A biopsy was scheduled, a whopping ten days from my mammogram and ultrasound Dance of the Macabre with Dr. Twinkle In His Eye. Until that day came, I made sure to continue moving along as usual, keeping my nose to the proverbial grindstone, and respecting any and all prearranged meetings with colleagues. Any desire I may have had to curl up in a tiny ball at the edge of my bed and stare blankly for hours on end at cracks in the wall or wayward flying insects would have to be tempered by the reality that time was not going to stand still for me.

My first meeting was in the tiny, paper-strewn office of a colleague at the cancer center where I worked, a hematologist-oncologist and long-term collaborator. He had been a co-advisor and author on a number of published papers over the years and, at the time of our meeting, he had just finished conducting a clinical trial that was bringing a leukemia drug I had identified in a screen very close to FDA approval.

Several years earlier, he had also been instrumental in helping me get a second opinion on scans of my mother’s lungs that showed possible metastasis of her breast cancer to their periphery. I never would have predicted back then that I’d be seeking yet more support from him years later, for myself.

“So how are you?” he asked.

Little did he know what a loaded question that would be, and how much it would delay us from discussing the new data I’d generated. I told him that I was going through something a little unnerving, that abnormal tissue was detected in my right breast and I was scheduled for a biopsy in ten days.

“I can help you set up an appointment here if you want,” he said. He was referring to our beloved Dana-Farber Cancer Institute.

I smiled and thanked him but shook my head. At that point, I wanted to keep fully alive and kicking the possibility of the mass being benign. Making an appointment at the cancer hospital where I worked felt like too much, too soon, and I opted instead to sweat out the week and a half and keep my humble appointment at the quiet and unassuming northern-Massachusetts based Harvard Vanguard.

Despite my really not wanting the conversation to get yet more personal, the pros and cons of the size and density of my breasts were raised, as was the fact that I was an Ashkenazi Jew, with a higher prevalence of the BRCA breast cancer gene in that population. The darkness of the conversation was brightened by the reality of the statistics, with up to eighty percent of growths in the breasts turning out to be non-malignant. Right?

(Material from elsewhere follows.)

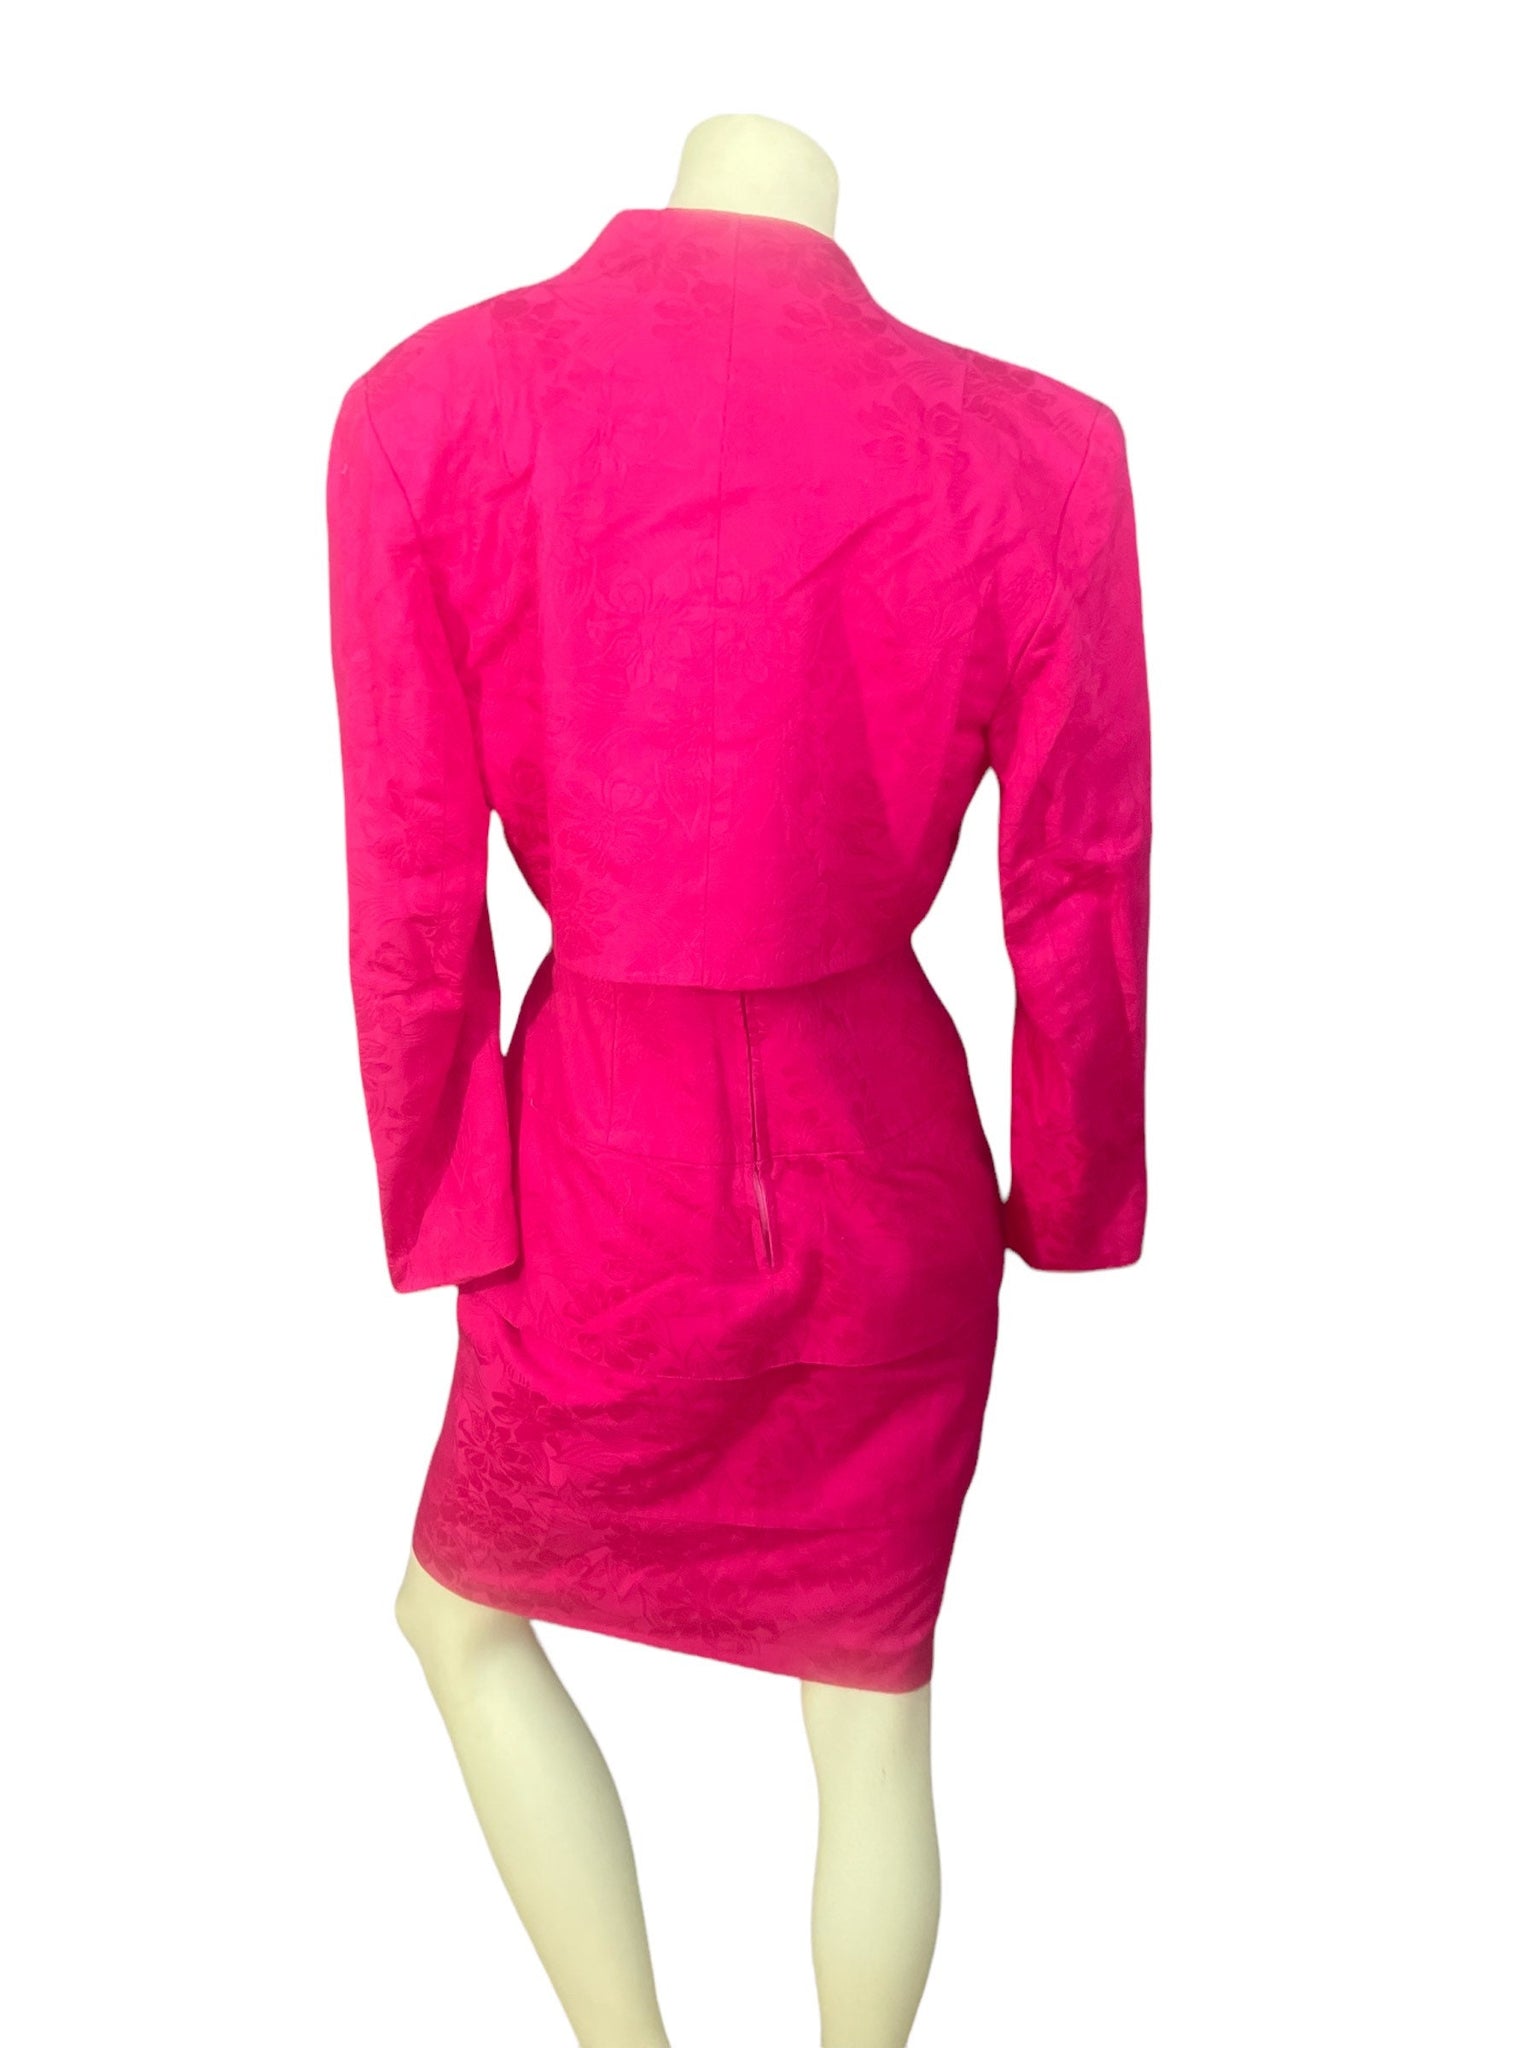 Vintage 80's AJ Bari strapless party dress 8 hot pink
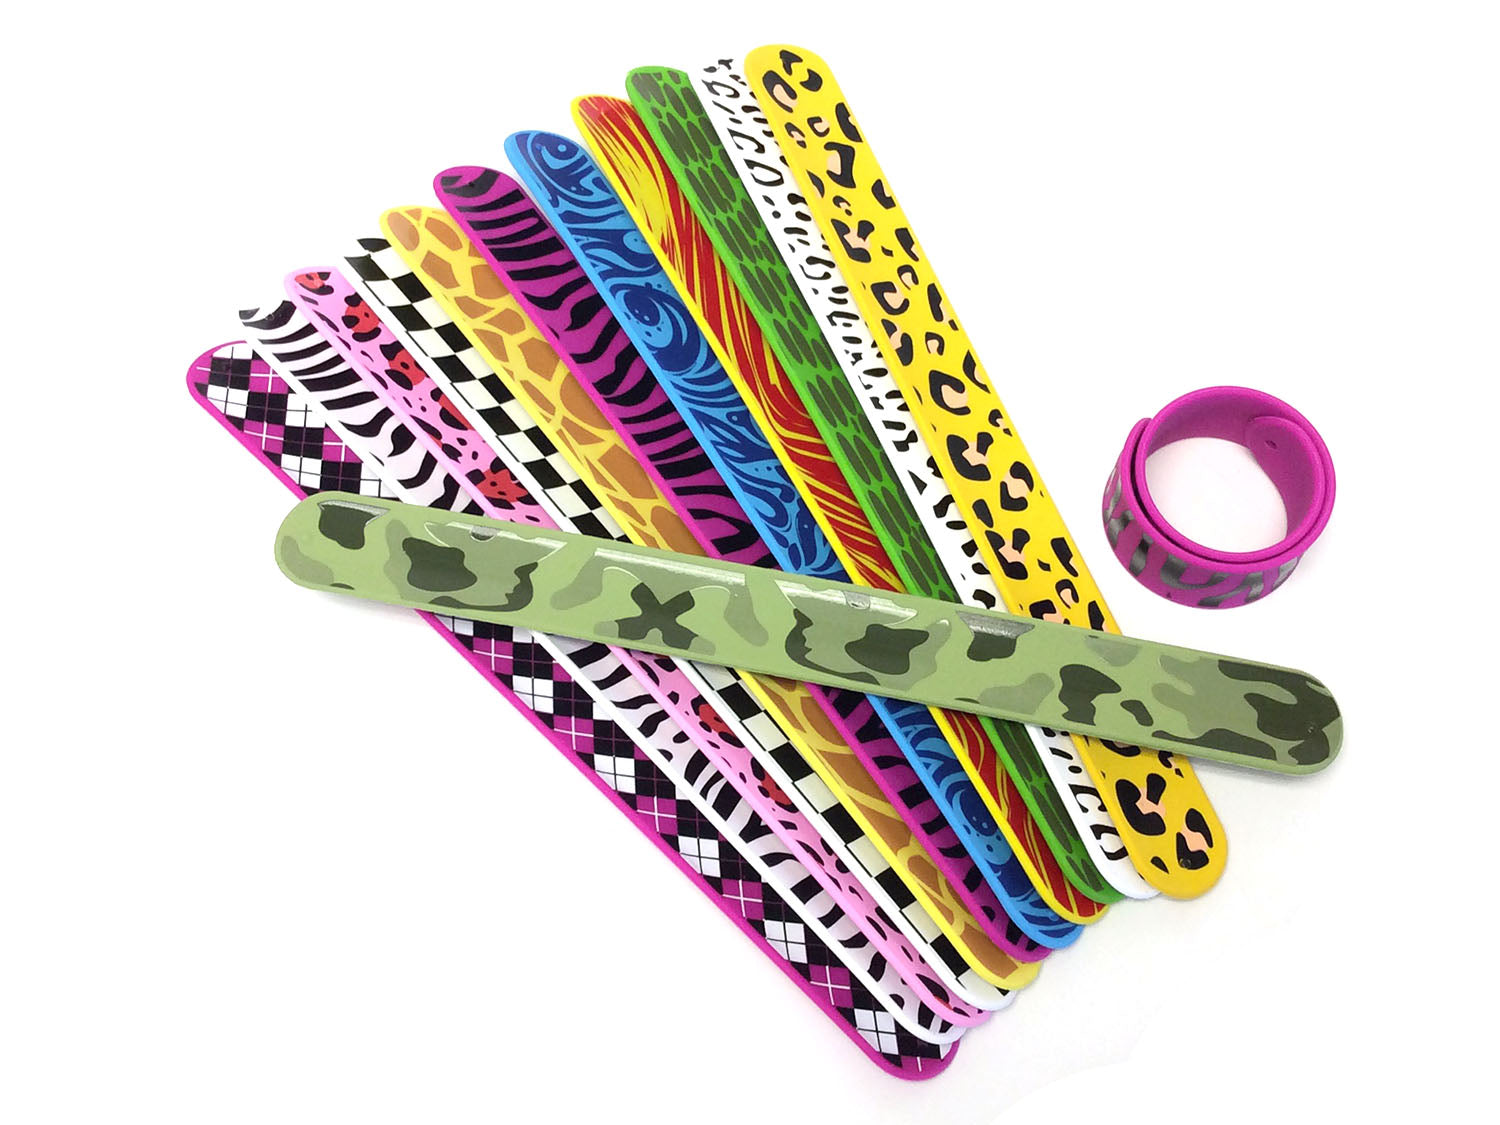 Amazon.com: 24 Pieces Ruler Slap Bracelets Bands Colorful Ruler Snap Bands  Wristband for Kids Classroom School Prize Party Favors : Toys & Games

I worked over the next ten days, and I played. I celebrated the fiftieth birthday of a friend of mine, a musician, who was singing at a restaurant in a nearby town. I had a photo taken with a mutual friend of ours, in front of a large window that bordered the outside sidewalk. There was a glare that was making it difficult to get the picture taken without the two of us looking washed out. I found the light to be symbolic, as I was trying very hard to be there, but in reality I was only there to an extent.

* * *

On the day of the procedure, which was an ultrasound-guided biopsy, I was nervous, nervous to the point that my whole body was physically shaking. I didn’t understand where all the vibration was coming from and what subconscious fears and worries were going on to cause all that crazy ruckus inside of me.

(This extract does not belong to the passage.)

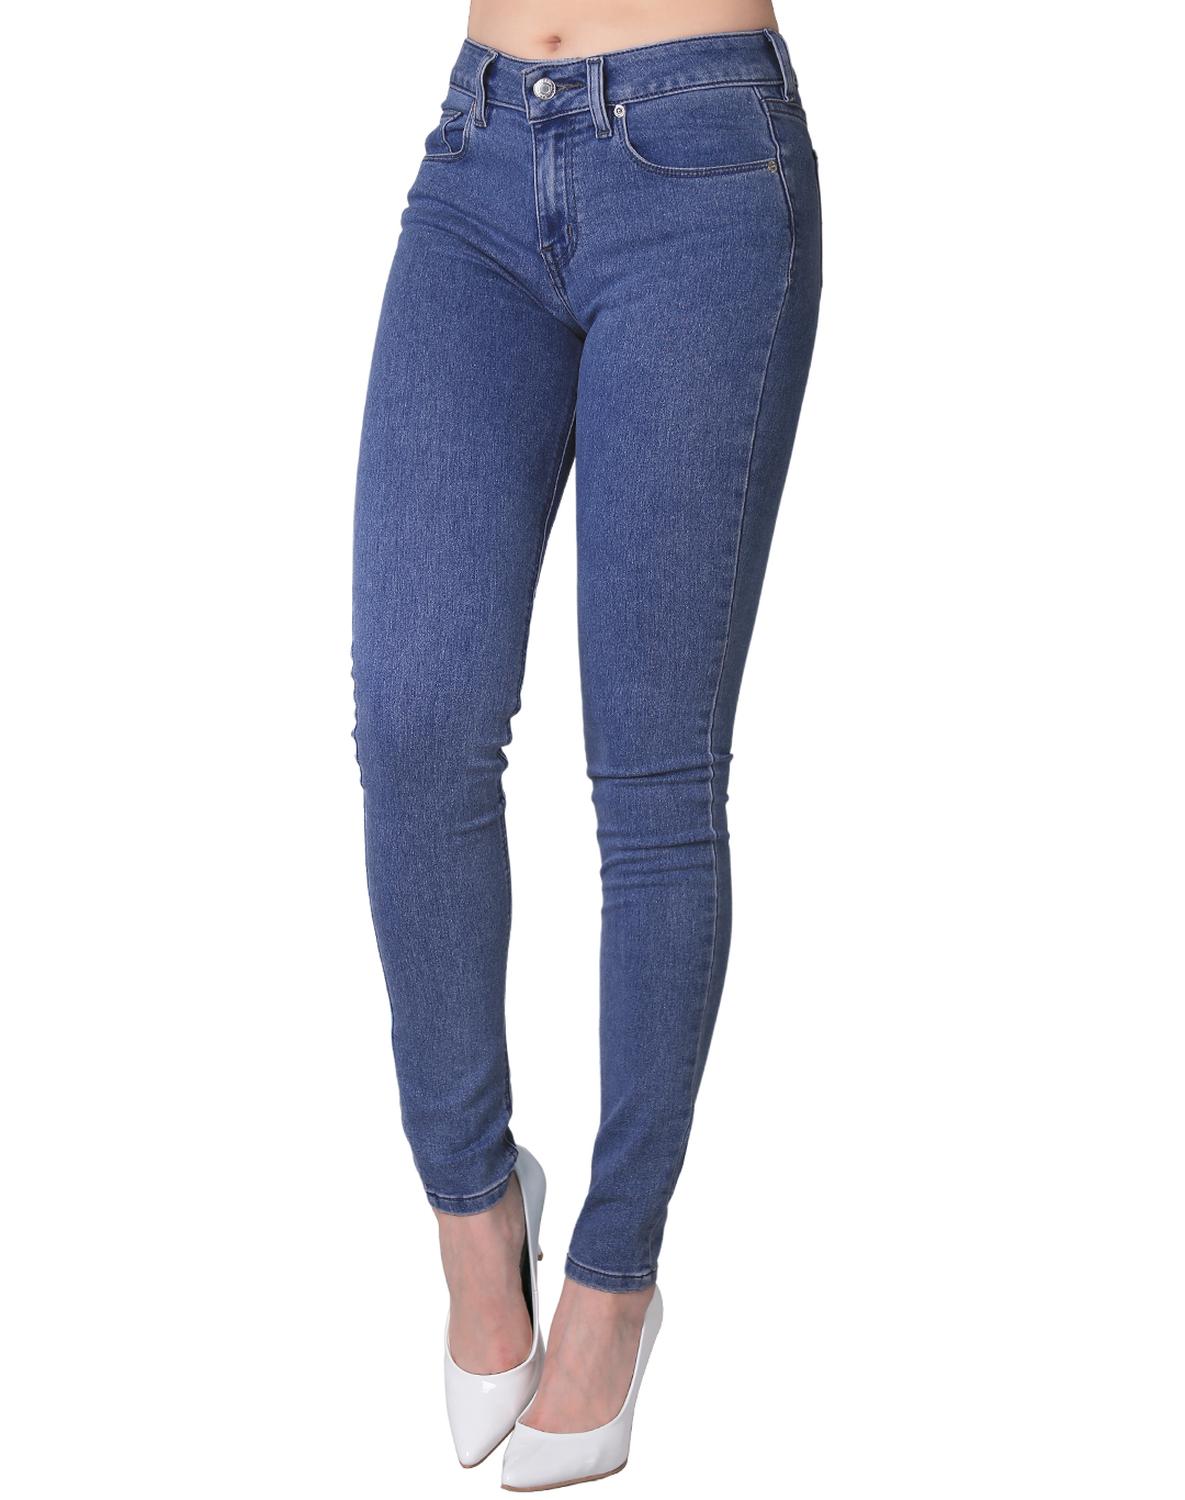 Jeans Básico Mujer Oggi Satin 59101929 Mezclilla Stretch

I had no idea if the biopsy would be painful or painless, if it would tickle or sting, if it would send me into a deep, dark depression or make me deliriously show-tune singing happy. What I did know was that pieces of this strange growth in my breast were going to be removed and analyzed, and the result was either going to be something or nothing. And I supposed that knowledge was enough to make me tremble uncontrollably.

A nurse standing near my bed, who saw all of my weird ticks and convulsions, asked if I was cold and needed a blanket. I tried explaining that I really didn’t think I was feeling chilled, but rather that I just wasn’t good with medical techniques. I also genuinely and sincerely wished I could be just about anywhere else than in that room with her waiting for a portion of my body to be excised and examined, but I didn’t tell her that.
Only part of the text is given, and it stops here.